Posted by: Policy and campaigning 3 March 2015

New Cancer Strategy for England

In January, NHS England announced plans to develop a new Cancer Strategy for the next five years, setting up an independent ‘Cancer Task Force’ to help them do so.

This Task Force is being Chaired by the Chief Executive of Cancer Research UK, Harpal Kumar, and is made up of cancer doctors, patient groups and charity leaders. We are delighted that our very own Clara Mackay (pictured above), in her capacity as Chair of Cancer 52, is part of the Task Force.

To aid in creating a new cancer strategy for England, the Task Force recently did two things:

-       Took evidence from interested parties. We were pleased to take part in this through a workshop of charities on 9th February.

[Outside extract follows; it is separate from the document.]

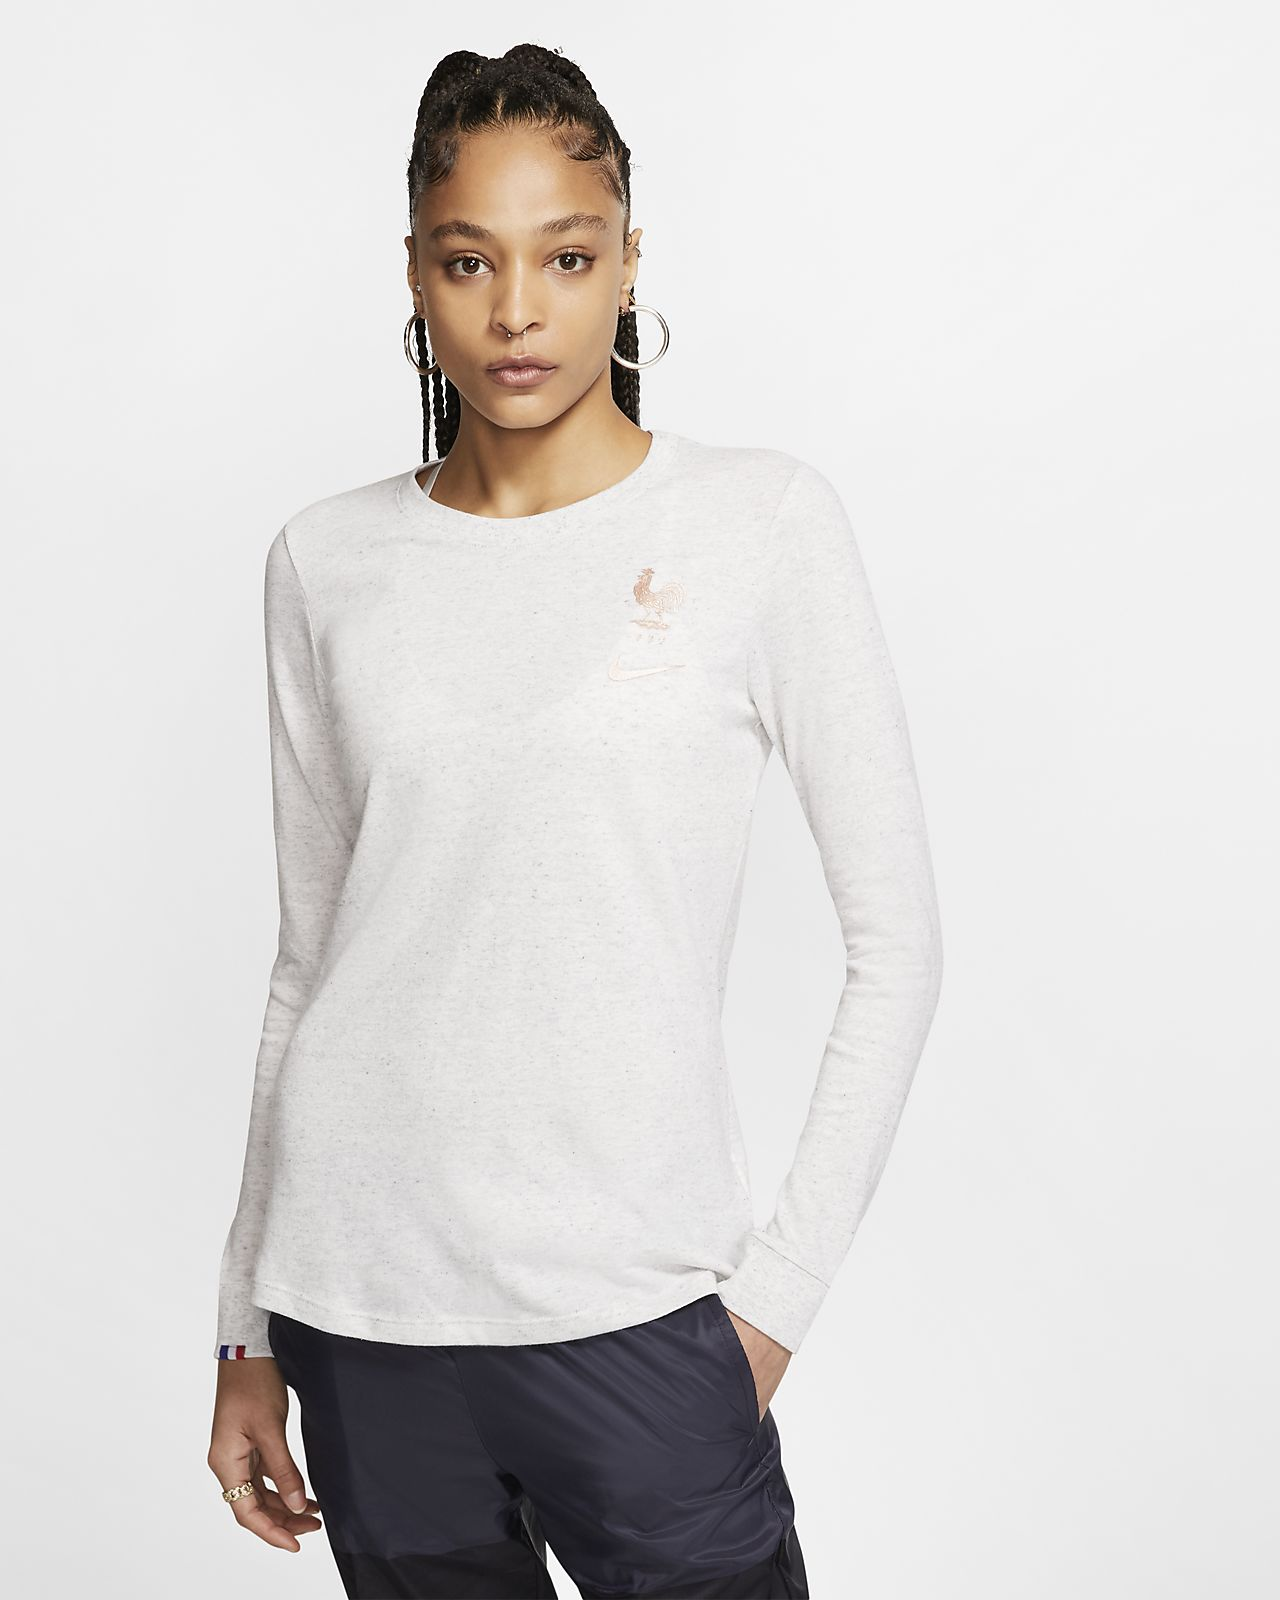 FFF Women's Long-Sleeve Football T-Shirt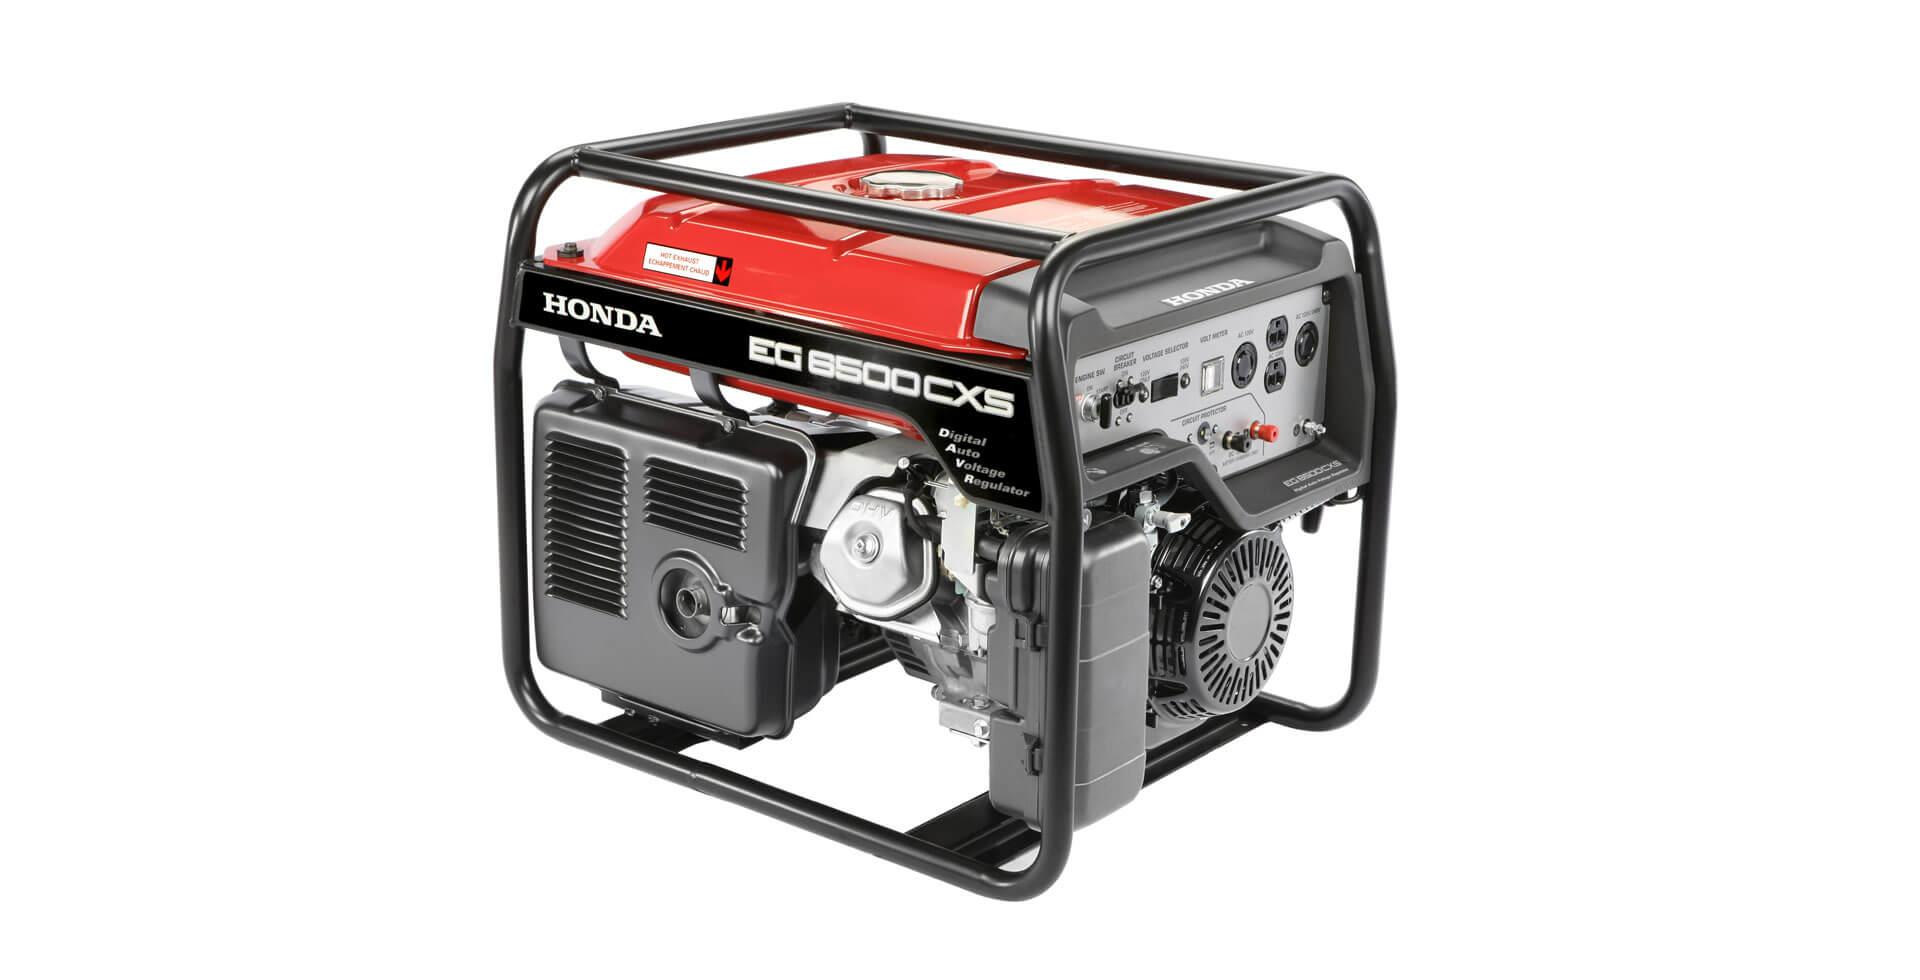 Gerador de Energia à Gasolina 6.5 kVA Honda - EG6500CXS LBH (Bivolt c/ Partida elétrica)

-       Asked for written submissions, highlighting three key areas that interested parties (that would be us!) thought needed addressing in the new cancer strategy.

In our submission we flagged up these major themes that we believe need to be addressed if pancreatic cancer survival rates, treatment and care is to be improved:

There needs to be a specific focus on cancers with the lowest survival rates.

Cancers with the lowest survival rates are often termed ‘cancers of unmet need’, and of course, pancreatic cancer is one of them.

We recently saw Cancer Research UK’s Research Strategy call for increased funding for cancer types with 10 year survival rates of less than 15%. We don’t need to tell you, that with less than 1% ten year survival, pancreatic cancer definitely falls into this category.

We have urged that England’s new cancer strategy should include a specific pledge to drive up survival rates for this group of cancers, to ensure that any general progress in cancer survival rates doesn’t mask the fact that there has been no specific progress for cancers like pancreatic.

We also called for specific actions such as:

  • increased research spending
  • earlier access to new treatments.

However it is structured, we feel the Strategy needs to specifically address cancers with the lowest survival rates.

A commitment to developing faster referral pathways 

We would like to see a commitment from the NHS to improve:

  • diagnostic pathways between primary and secondary care (e.g. improving the speed with which patients are referred for CT scans)
  • referral pathways from secondary care to specialist centres once there is a suspicion of pancreatic cancer.

We know that many patients are still not being referred from secondary care to a specialist centre or Multi-Disciplinary Team as quickly as they ought to be, and this can delay a diagnosis and therefore reduce treatment options once a diagnosis is made.

Holistic care

Finally we urged more holistic patient care*. We need:

  • enough Cancer Nurse Specialists to support patients and their families
  • early and consistent access to specialist nutritional and dietary advice
  • quality end of life care, with patients supported to achieve a good and dignified death;
  • And, importantly, appropriate bereavement counselling and support for family members who lose loved ones, who often lose any support they may have had when their family member passes away.

The Task Force will publish an interim report in March and we will continue to play a role in the development of a new Cancer Strategy for England over the coming months, acting as a voice for pancreatic cancer patients throughout the process. Keep an eye on our Facebook and Twitter pages for new updates and blog posts!

* Holistic care means treating the whole person, including physically, psychologically, socially, and spiritually. It might involve things like nutrition, exercise, complementary medicine and meditation alongside standard medicine. It’s based on the idea is that there is a link between our physical health and our more general 'well-being'.